[Stored data]
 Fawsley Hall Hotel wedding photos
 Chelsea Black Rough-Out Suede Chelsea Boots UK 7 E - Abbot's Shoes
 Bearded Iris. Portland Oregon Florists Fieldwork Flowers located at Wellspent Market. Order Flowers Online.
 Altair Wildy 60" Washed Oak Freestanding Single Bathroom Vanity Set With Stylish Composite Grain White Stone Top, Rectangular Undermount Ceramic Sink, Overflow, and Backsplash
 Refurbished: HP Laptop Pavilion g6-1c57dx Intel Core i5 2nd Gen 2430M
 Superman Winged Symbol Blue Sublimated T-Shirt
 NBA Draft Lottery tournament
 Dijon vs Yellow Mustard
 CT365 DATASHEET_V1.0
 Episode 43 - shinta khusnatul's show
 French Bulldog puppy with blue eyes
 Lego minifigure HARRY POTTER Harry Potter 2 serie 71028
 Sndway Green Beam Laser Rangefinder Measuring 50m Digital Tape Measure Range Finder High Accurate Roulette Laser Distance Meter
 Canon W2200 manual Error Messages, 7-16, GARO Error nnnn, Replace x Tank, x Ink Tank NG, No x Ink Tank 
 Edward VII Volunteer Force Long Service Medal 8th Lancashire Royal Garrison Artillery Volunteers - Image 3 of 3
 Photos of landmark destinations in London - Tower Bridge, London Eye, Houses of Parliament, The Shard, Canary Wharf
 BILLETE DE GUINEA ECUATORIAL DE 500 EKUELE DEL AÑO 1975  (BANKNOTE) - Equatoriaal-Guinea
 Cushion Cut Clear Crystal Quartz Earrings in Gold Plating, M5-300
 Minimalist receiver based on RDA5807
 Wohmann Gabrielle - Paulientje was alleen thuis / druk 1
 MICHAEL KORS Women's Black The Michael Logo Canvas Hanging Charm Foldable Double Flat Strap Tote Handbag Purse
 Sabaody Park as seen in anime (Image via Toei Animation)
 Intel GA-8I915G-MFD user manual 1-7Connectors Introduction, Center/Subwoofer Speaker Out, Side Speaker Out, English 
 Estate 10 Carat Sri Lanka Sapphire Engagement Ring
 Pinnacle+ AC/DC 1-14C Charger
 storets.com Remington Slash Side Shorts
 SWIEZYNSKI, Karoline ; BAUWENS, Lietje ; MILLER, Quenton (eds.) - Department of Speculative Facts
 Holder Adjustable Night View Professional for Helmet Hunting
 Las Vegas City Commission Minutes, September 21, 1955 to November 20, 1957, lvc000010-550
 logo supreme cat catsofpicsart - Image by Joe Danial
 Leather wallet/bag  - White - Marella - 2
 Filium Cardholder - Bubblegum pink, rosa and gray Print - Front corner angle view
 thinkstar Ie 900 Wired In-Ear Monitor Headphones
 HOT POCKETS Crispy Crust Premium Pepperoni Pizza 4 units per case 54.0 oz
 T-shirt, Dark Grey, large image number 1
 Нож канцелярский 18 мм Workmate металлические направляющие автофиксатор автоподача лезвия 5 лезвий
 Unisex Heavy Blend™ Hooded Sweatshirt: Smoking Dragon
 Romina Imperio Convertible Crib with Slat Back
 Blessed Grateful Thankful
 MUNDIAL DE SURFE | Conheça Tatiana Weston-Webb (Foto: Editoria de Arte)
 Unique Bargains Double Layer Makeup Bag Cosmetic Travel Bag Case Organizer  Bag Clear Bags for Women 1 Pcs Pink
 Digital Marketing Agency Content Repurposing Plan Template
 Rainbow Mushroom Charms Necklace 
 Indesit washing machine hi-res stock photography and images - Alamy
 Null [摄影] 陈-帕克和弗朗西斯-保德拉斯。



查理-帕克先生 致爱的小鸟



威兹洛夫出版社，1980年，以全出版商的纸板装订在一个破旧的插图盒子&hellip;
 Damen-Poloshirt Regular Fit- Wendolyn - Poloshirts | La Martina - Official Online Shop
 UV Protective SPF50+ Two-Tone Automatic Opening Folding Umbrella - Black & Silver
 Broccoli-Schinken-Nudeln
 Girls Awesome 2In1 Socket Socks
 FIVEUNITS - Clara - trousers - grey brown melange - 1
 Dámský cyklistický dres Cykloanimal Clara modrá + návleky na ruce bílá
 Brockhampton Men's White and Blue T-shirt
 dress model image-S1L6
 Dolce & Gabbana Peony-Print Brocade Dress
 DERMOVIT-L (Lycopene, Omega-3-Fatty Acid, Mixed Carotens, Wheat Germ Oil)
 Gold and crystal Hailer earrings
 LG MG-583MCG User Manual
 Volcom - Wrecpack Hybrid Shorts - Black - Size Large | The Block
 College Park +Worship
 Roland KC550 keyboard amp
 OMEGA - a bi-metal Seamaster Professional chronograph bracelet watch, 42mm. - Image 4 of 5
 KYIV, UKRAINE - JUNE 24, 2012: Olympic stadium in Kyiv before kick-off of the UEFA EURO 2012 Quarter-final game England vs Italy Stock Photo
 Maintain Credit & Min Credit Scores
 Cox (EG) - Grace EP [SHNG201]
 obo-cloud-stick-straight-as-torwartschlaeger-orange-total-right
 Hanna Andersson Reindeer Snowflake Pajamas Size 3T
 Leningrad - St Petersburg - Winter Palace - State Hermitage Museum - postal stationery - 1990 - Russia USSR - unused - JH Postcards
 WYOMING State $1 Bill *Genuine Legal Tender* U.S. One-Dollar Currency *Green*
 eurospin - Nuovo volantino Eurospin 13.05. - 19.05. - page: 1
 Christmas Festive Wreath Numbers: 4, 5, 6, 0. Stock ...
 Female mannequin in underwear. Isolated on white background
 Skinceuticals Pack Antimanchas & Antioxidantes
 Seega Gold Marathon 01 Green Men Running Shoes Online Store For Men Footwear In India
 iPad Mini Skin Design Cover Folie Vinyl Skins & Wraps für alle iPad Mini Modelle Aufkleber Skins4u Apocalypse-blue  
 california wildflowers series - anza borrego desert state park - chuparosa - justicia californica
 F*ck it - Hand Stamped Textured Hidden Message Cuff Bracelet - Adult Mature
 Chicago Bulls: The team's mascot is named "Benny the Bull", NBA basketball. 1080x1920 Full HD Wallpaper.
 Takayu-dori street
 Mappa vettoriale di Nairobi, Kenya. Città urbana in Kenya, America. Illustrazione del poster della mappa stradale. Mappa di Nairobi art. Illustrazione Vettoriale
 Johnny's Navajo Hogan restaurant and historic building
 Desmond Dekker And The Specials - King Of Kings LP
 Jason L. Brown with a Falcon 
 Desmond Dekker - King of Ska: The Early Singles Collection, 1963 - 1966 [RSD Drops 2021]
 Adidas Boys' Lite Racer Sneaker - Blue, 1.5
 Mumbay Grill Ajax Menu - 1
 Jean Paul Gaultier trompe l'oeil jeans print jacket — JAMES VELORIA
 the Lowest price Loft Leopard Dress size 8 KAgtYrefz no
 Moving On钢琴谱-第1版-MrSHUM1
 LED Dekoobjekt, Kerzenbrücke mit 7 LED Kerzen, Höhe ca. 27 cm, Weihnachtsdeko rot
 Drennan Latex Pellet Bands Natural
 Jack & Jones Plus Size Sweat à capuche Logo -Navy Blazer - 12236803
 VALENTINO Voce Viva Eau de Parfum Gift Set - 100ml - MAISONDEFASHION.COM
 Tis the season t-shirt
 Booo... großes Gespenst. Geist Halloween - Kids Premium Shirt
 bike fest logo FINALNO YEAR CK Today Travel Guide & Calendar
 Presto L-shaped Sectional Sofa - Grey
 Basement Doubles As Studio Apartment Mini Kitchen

▶ [TASK BRIEF]:
Which of the lines in the data contain the string "Dekker"? Return each one.

▶ [WRITTEN ANSWER]:
 Desmond Dekker And The Specials - King Of Kings LP
 Desmond Dekker - King of Ska: The Early Singles Collection, 1963 - 1966 [RSD Drops 2021]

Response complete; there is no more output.